Given material section start

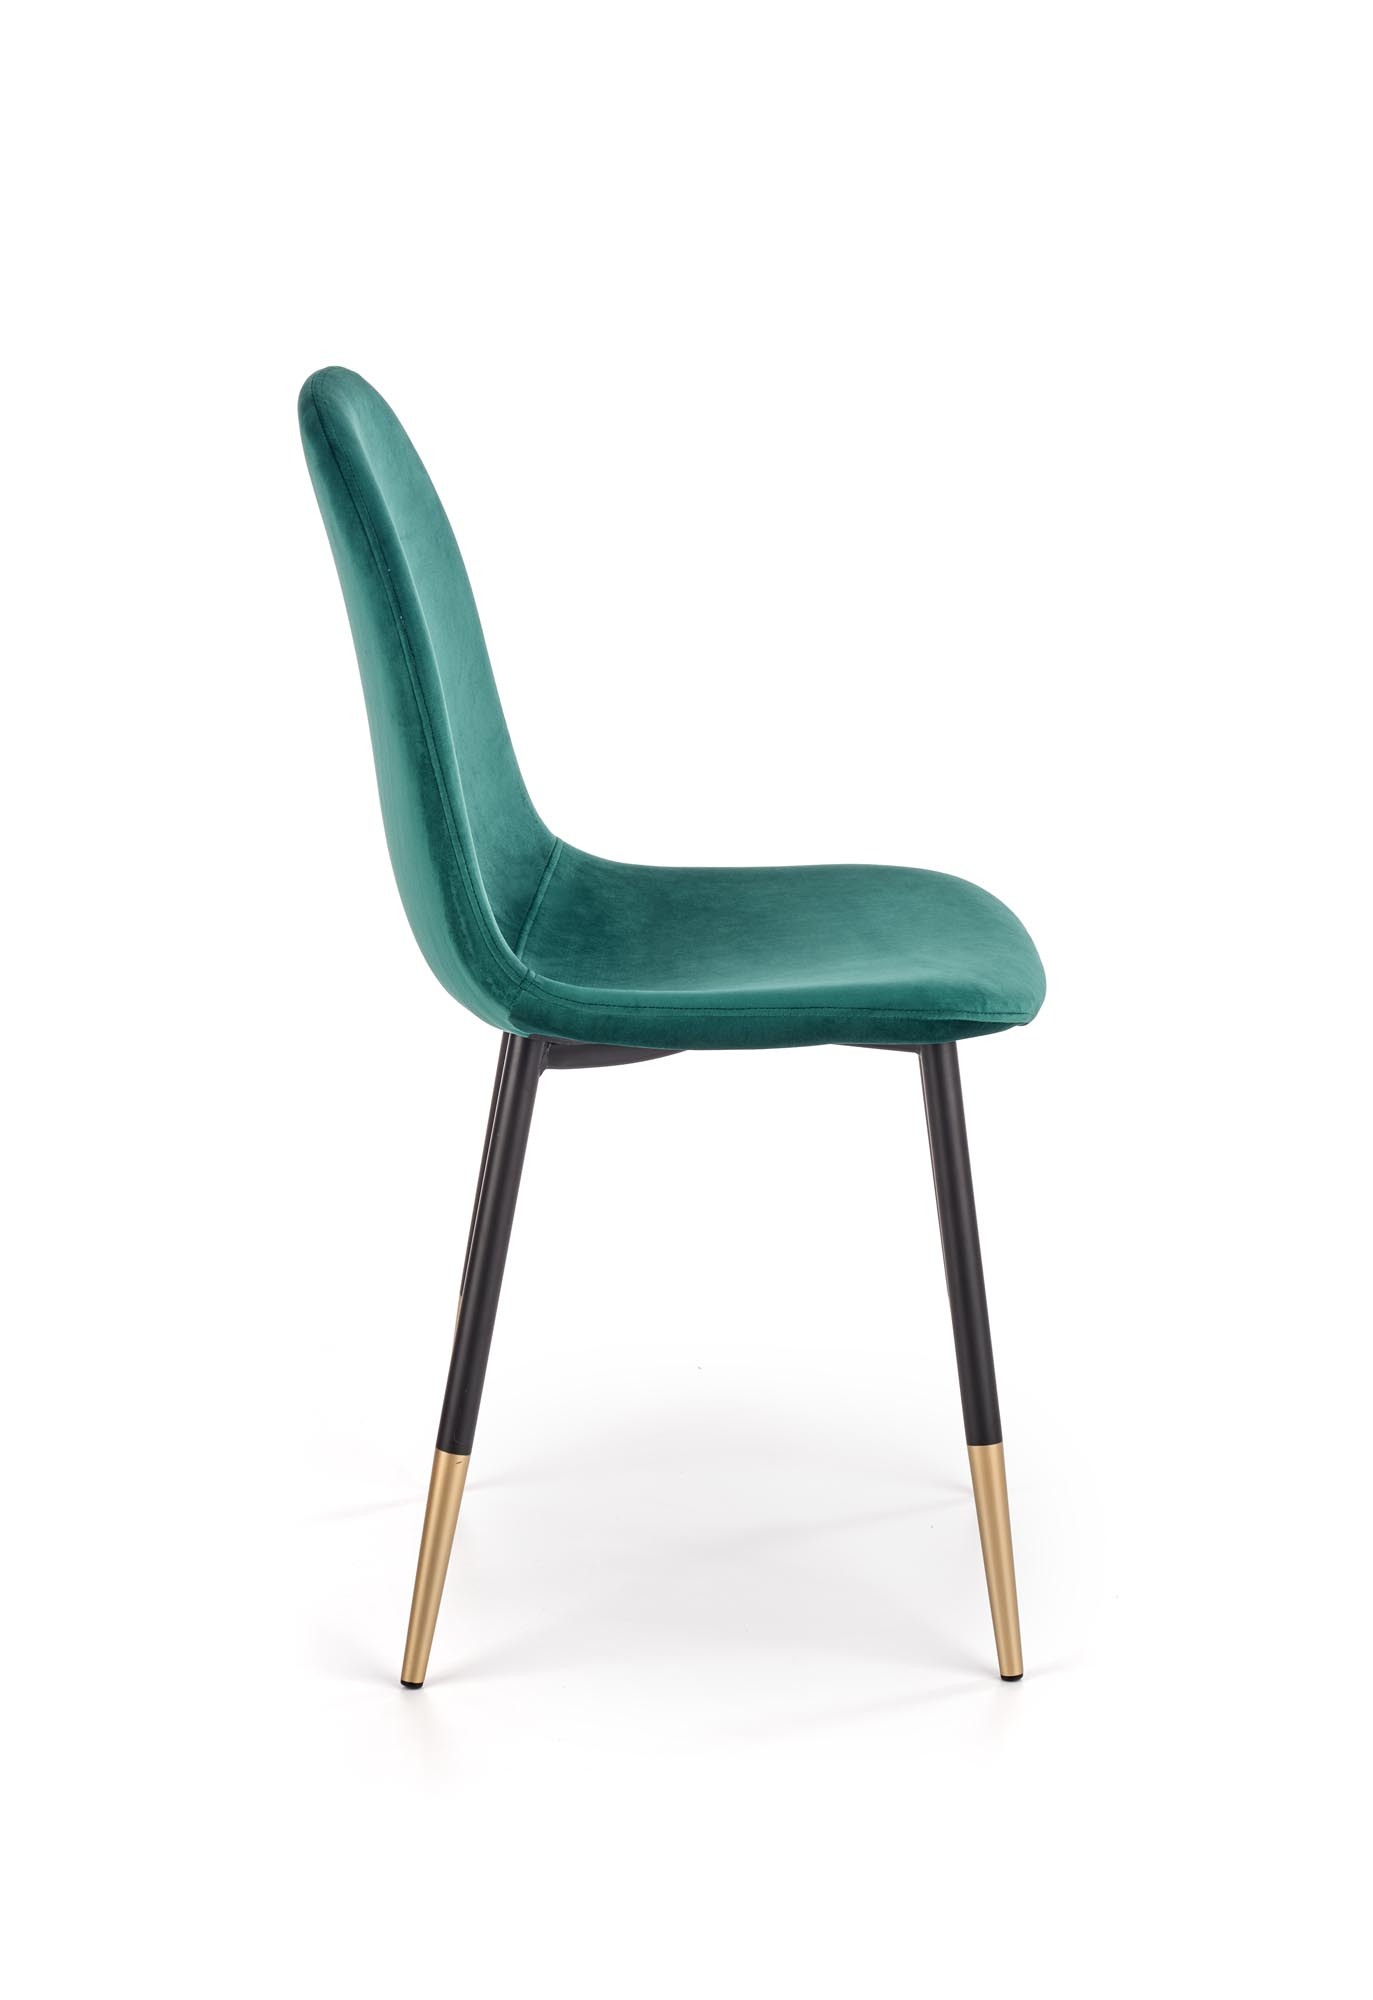 K379 krzesło ciemny zielony
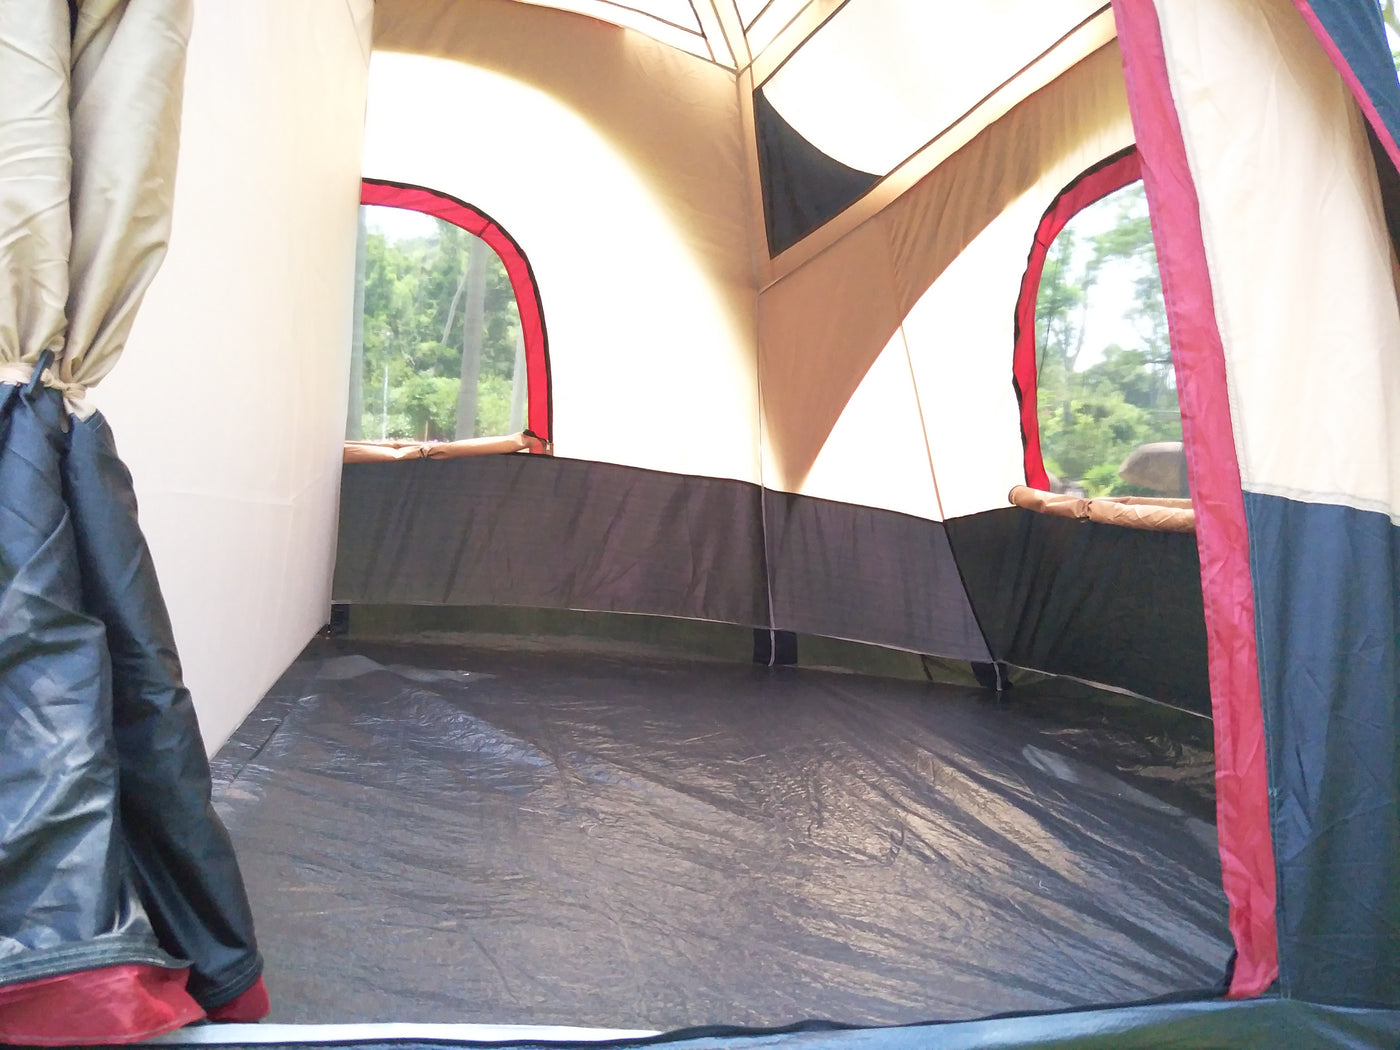 Tente familiale de cabine de cadre pour le camping extérieur de groupe et de famille
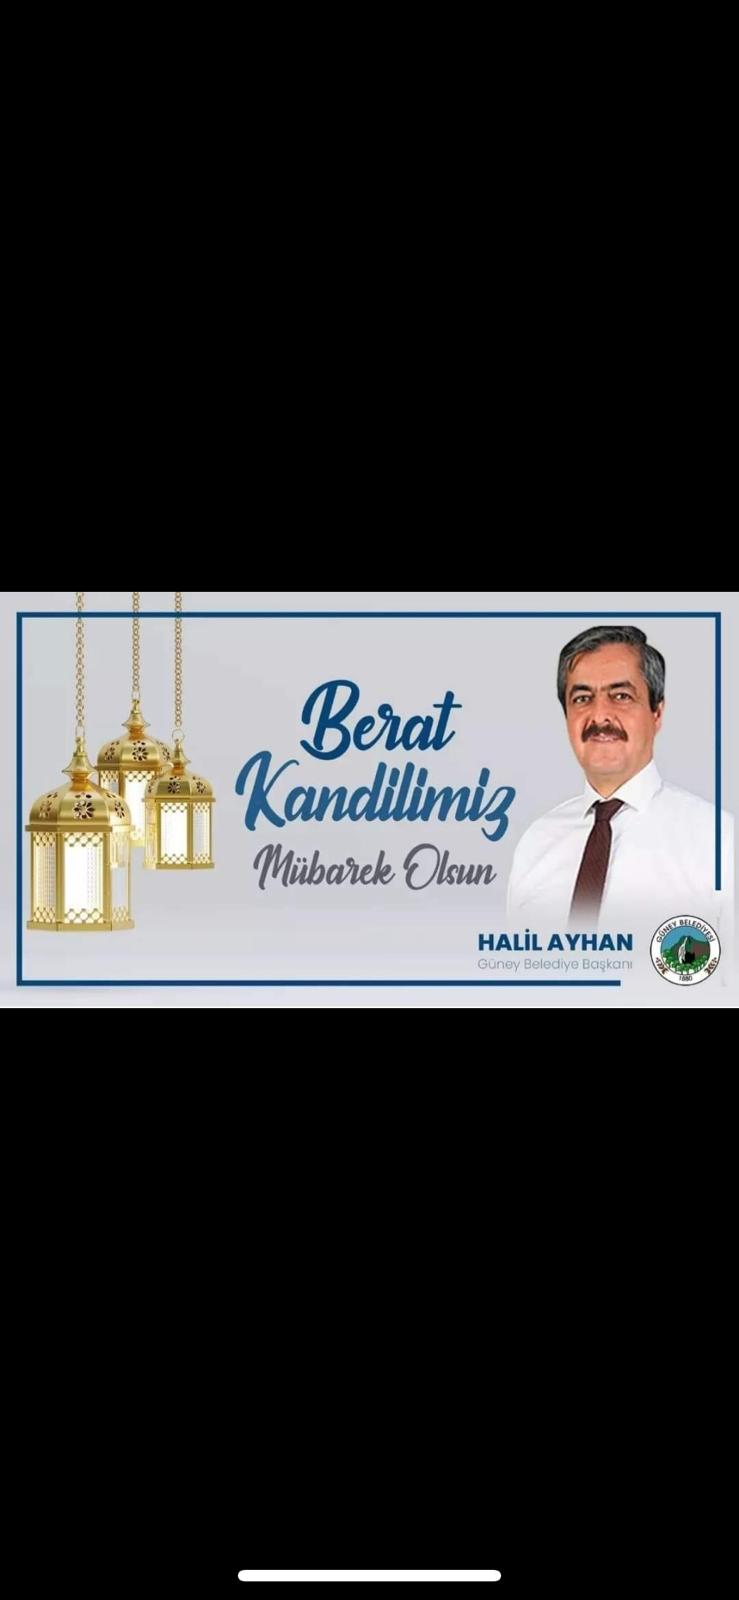 Güney Belediye Başkanı Halil Ayhan Berat Kandilini Kutladı! 
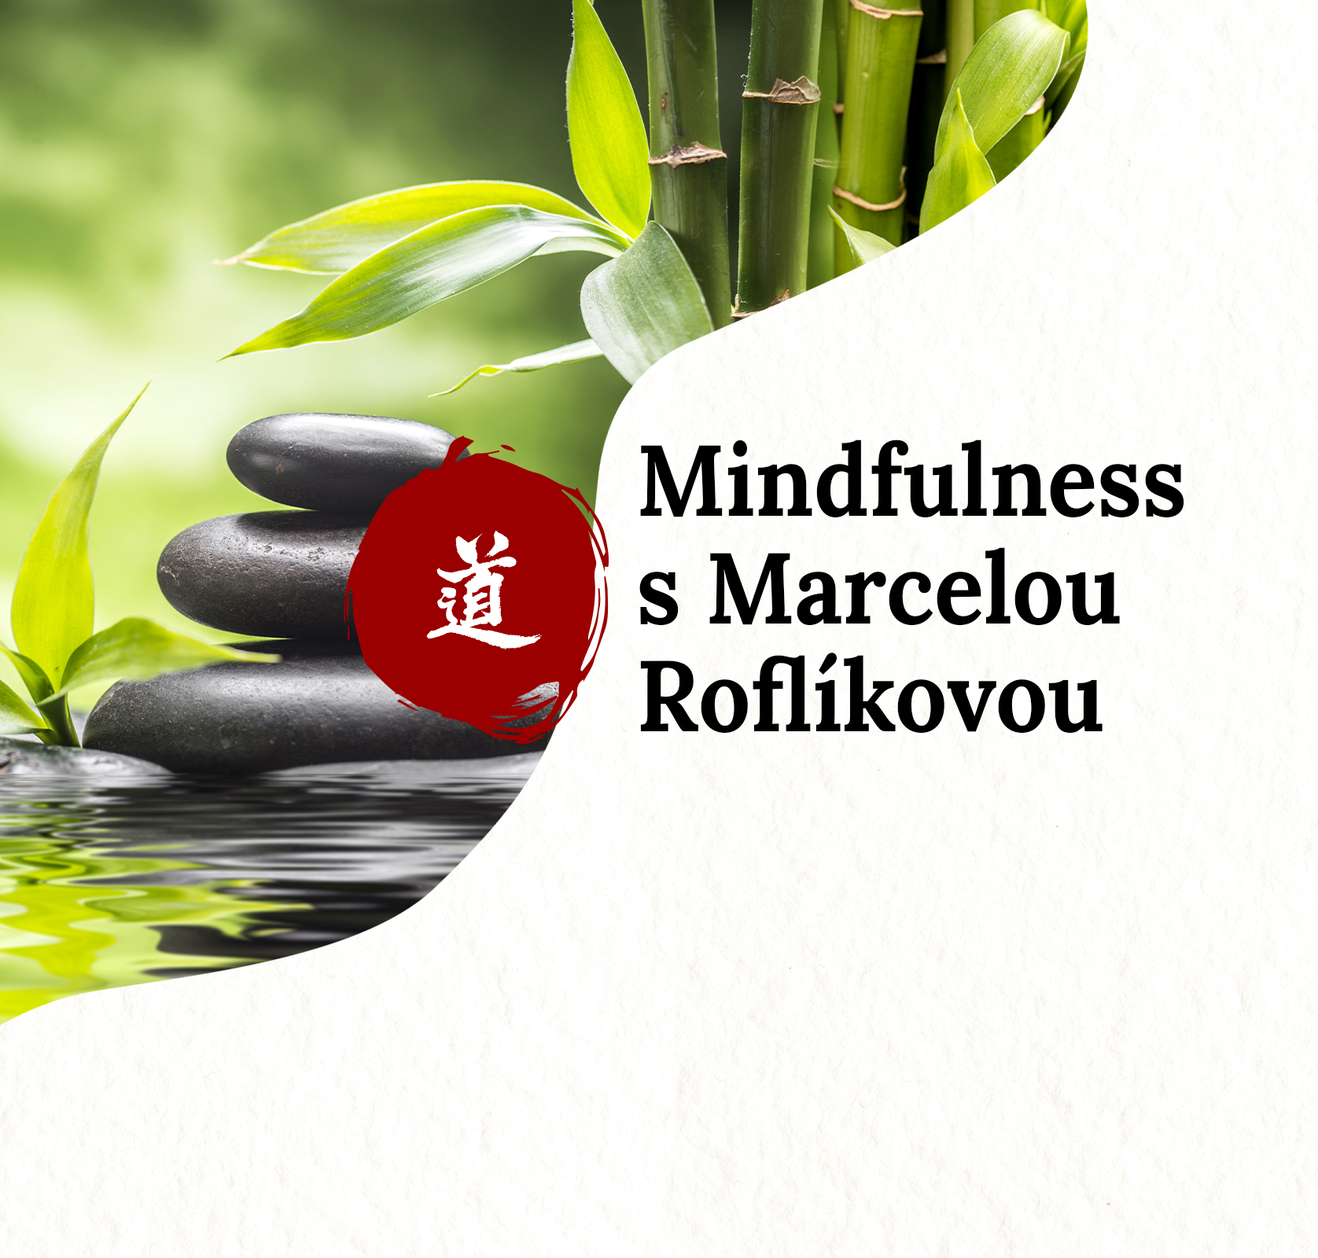 Mindfulness - zklidnn mysli

Given material section end

• _Required action_:
Please retype the material in full, exactly as it reads, apart from the images.

• _Result of the exercise_:
 K379 krzesło ciemny zielony
 Tente familiale de cabine de cadre pour le camping extérieur de groupe et de famille
 Güney Belediye Başkanı Halil Ayhan Berat Kandilini Kutladı! 
 Mindfulness - zklidnn mysli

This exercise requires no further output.